The Golden Age of American Entrepreneurship.


In an otherwise contentious 2016 U.S. presidential election, there will be one issue on which both candidates can agree: Entrepreneurship is good. Entrepreneurs have been embraced by both political parties, along with a wide swath of the American people, who tell pollsters they trust small business more than almost any other institution.

That is why some of the statistics about the state of American entrepreneurship are troubling. There has been a long-term decline in the number of new business starts. There are some recent years where more American businesses closed than opened. Quantitative measures of business formation paint a grim portrait of a supposedly entrepreneurial nation.

These numbers are not just cherry-picked factoids by pundits with axes to grind. These facts are accepted by a broad consensus of mainstream economists working with U.S. government statistics on business startup activity.

On the other hand, if we look only at Silicon Valley, New York or Boston, and other highly educated, high-technology regions, we find an entirely different view of American entrepreneurship. Despite the aftermath of Brexit and some recent reminders that the laws of gravity also apply to startup valuations, entrepreneurship is still incredibly hot.

New companies are being started and funded every day, targeting billion-dollar markets and attracting the best and brightest minds of our generation. The innovations these companies produce will almost surely transform the way that daily life operates. Indeed, the term unicorn, which applies to companies valued at over $1 billion, was initially coined because it signified something elusive, rare — but the term has lost that meaning. With more than 170 private companies with valuations of over $1 billion, we might just be living in the golden age of American entrepreneurship.

So what is going on? How can both sets of facts be true at the same time? How can more businesses be closing than opening (true) during the same period in which smart money will tell you there has never been a better time to start a new venture (probably also true)? The answer lies in which data you are looking at and, more importantly, how you measure entrepreneurship.
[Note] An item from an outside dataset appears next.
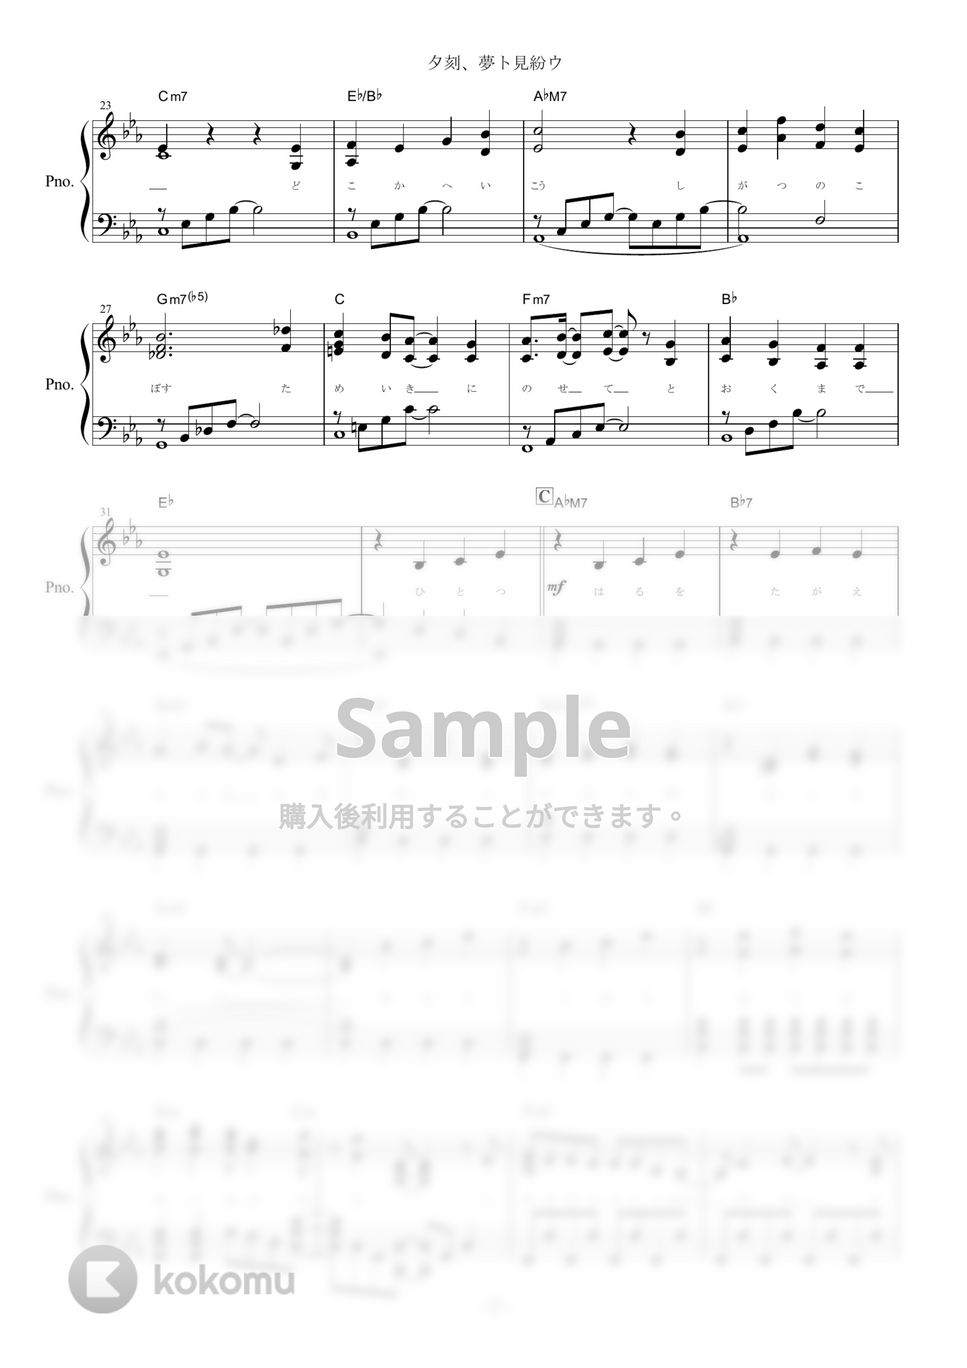 After the Rain - 夕刻、夢ト見紛ウ (ピアノ楽譜/全9ページ) by yoshi
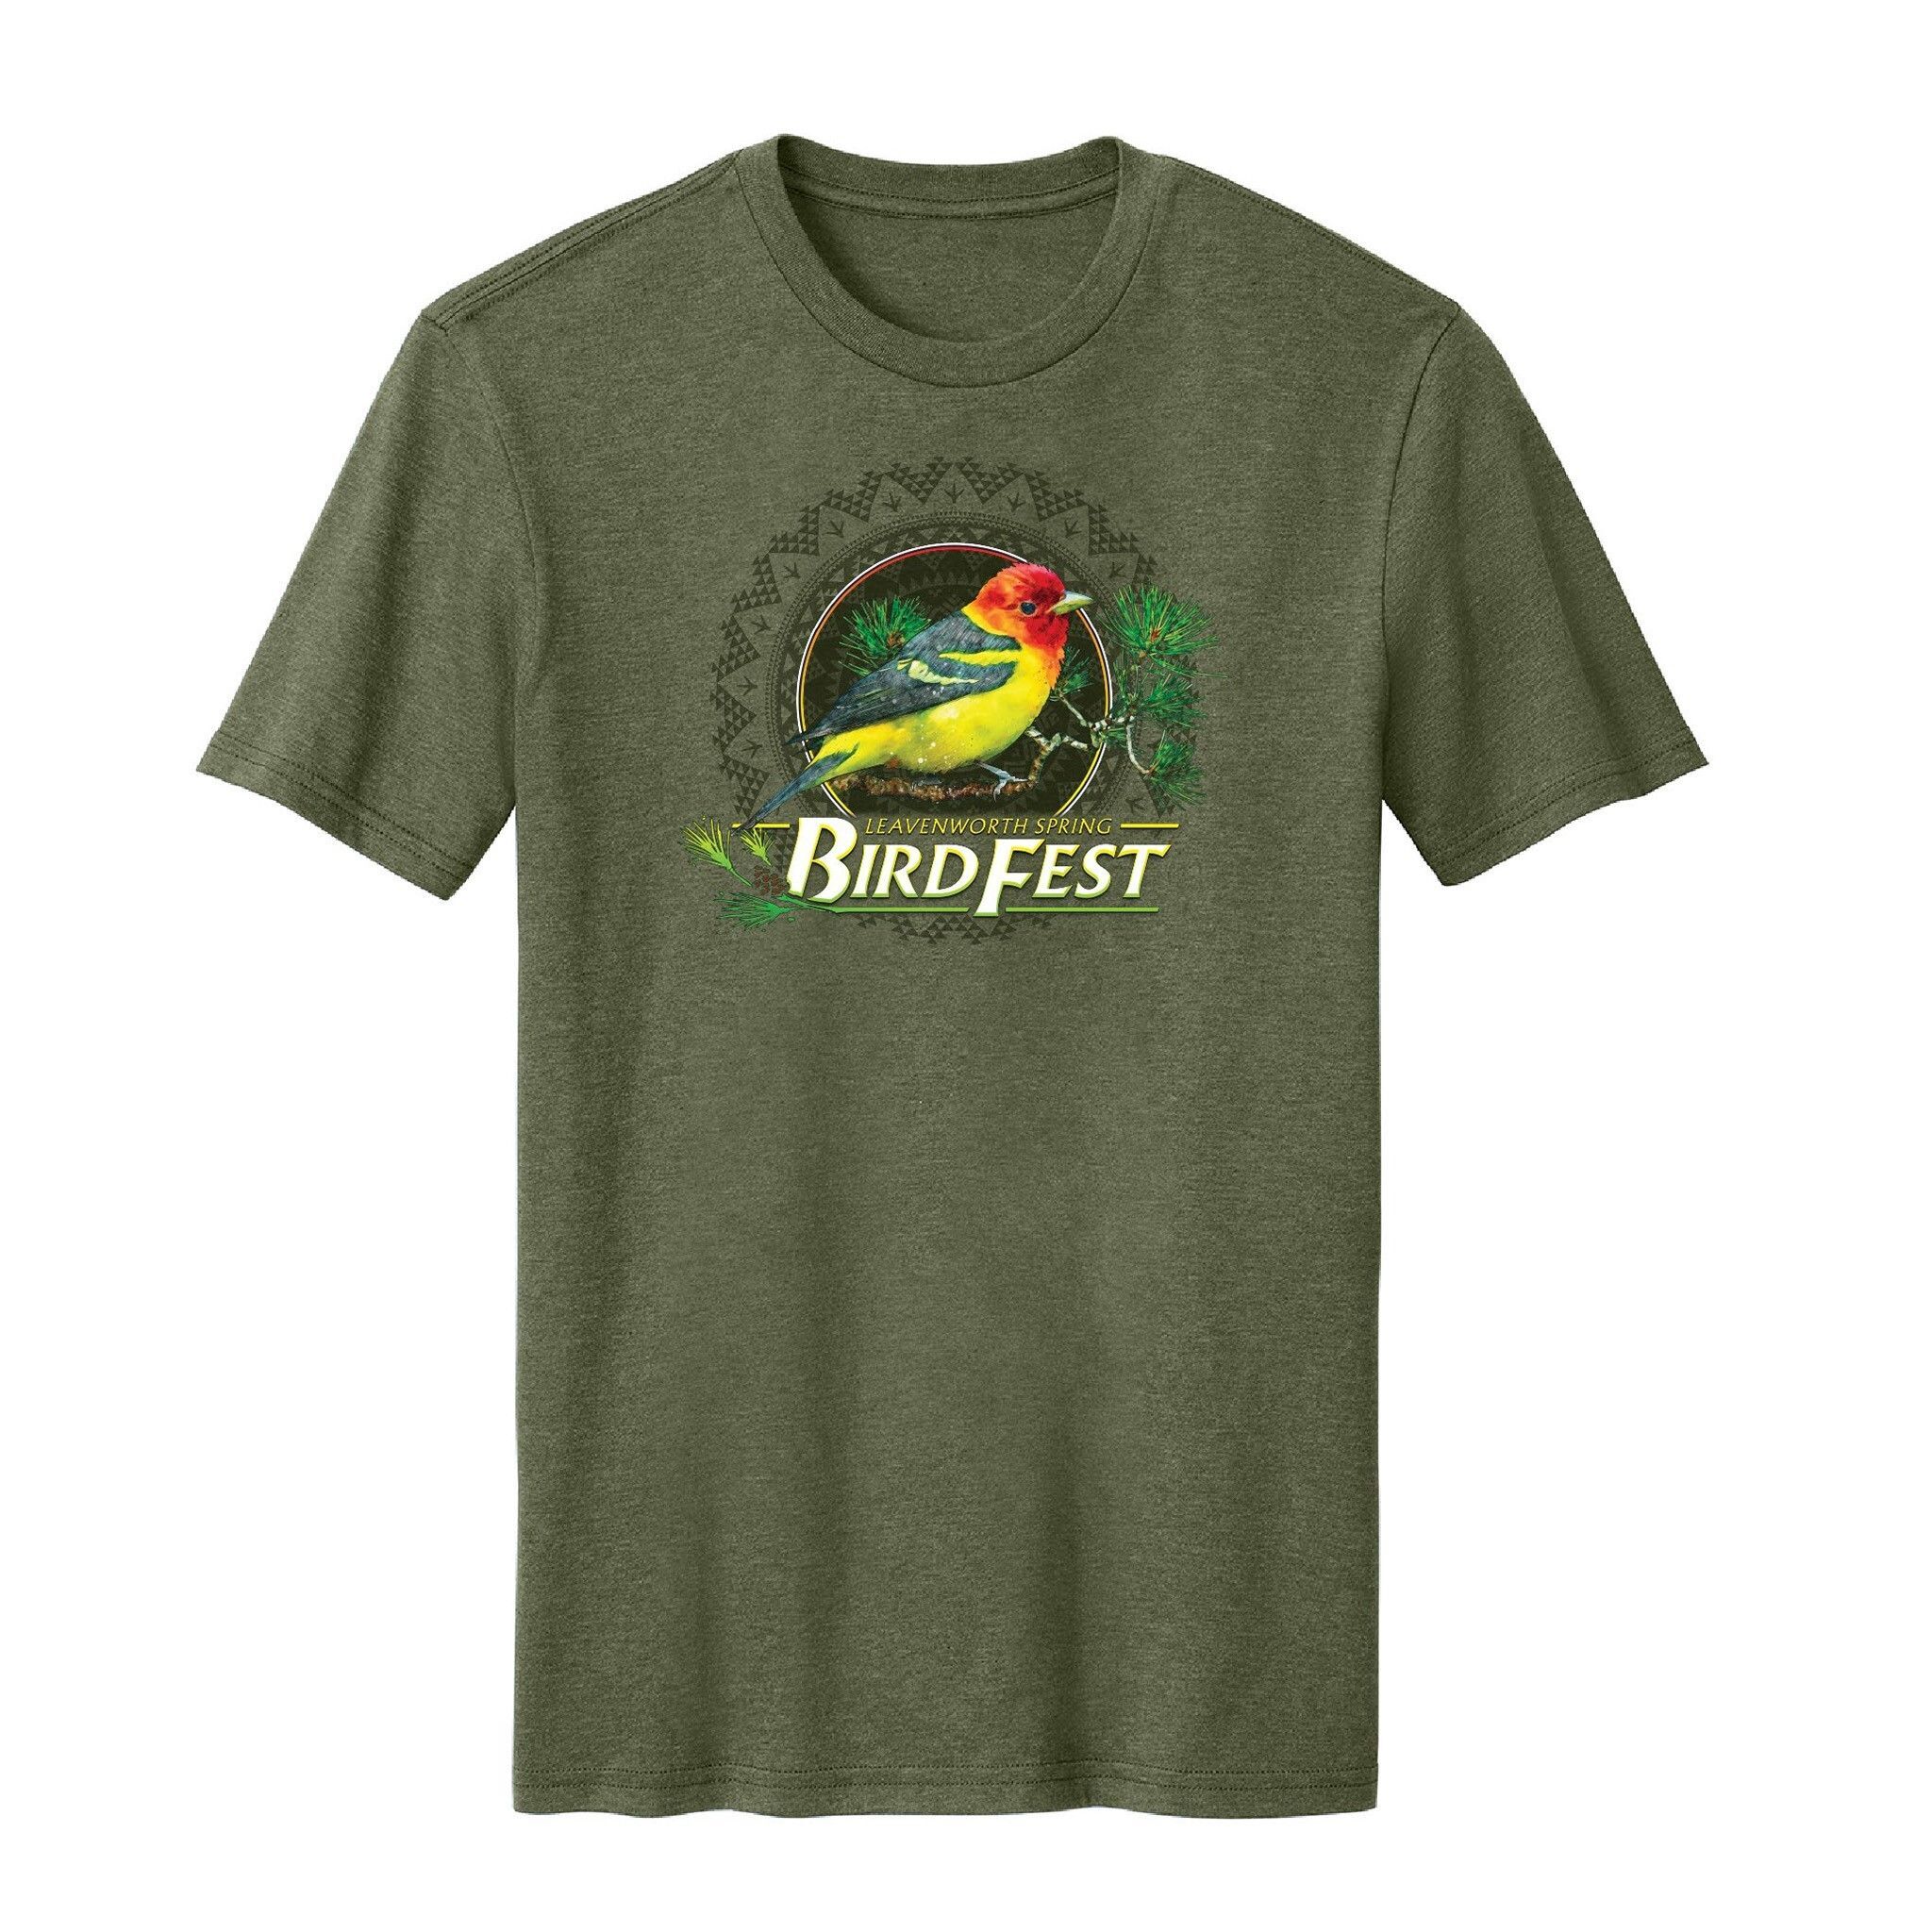 Pre-Order a Bird Fest Shirt by 5/1

Many U.S. government statistical series that count employment in newly started firms suggest that entrepreneurship is declining in the U.S., and has been for a long time. Data from the U.S. Census clearly show that the rate of new firm creation has been steadily declining since the 1970s. While the rate of new firm creation ticked up briefly between 2002 and 2007, it has plummeted in the aftermath of the financial crisis. In the mid-to-late 1970s, there were about 1.5 new firms created for every firm that exited the economy, but after more than 30 years of secular decline in the rate of firm creation, firm deaths now outnumber firm births — and have since the Great Recession.  Entrepreneurship is getting more selective.

However, when we move from simple counts of employees at newly created firms — including the vast majority of small businesses that have low growth potential and little intention to grow — to measures of entrepreneurship that place more weight on innovation, other teams of researchers have found no evidence at all that entrepreneurship is on the decline in the U.S. In fact, the quality of entrepreneurial ventures being started today could be at an all-time high.

The economists Jorge Guzman and Scott Stern at MIT have used state business registration data to zero in on businesses that are formed by founders that intend to grow. Their key insight is that many characteristics observable at firm founding are predictive of the intention to grow.

For example, formal business registration is a mandatory first step for any business with any intention of growing — incorporating in business-friendly Delaware also raises the odds. So does an application to protect intellectual property.

Using these cues, and others, Stern and Guzman build a statistical model that predicts entrepreneurial quality. With their quality-weighted entrepreneurial index, which does a good job of tracking broader economic fluctuations, they find no evidence of a decline in American entrepreneurship.

In short, both of the competing narratives about American entrepreneurship are true because we are witnessing a divergence based on the skill set of would-be founders. Fewer new businesses are being started in aggregate, but the expected quality of the new businesses that are starting is high — possibly higher than ever before. Entrepreneurship is getting more selective.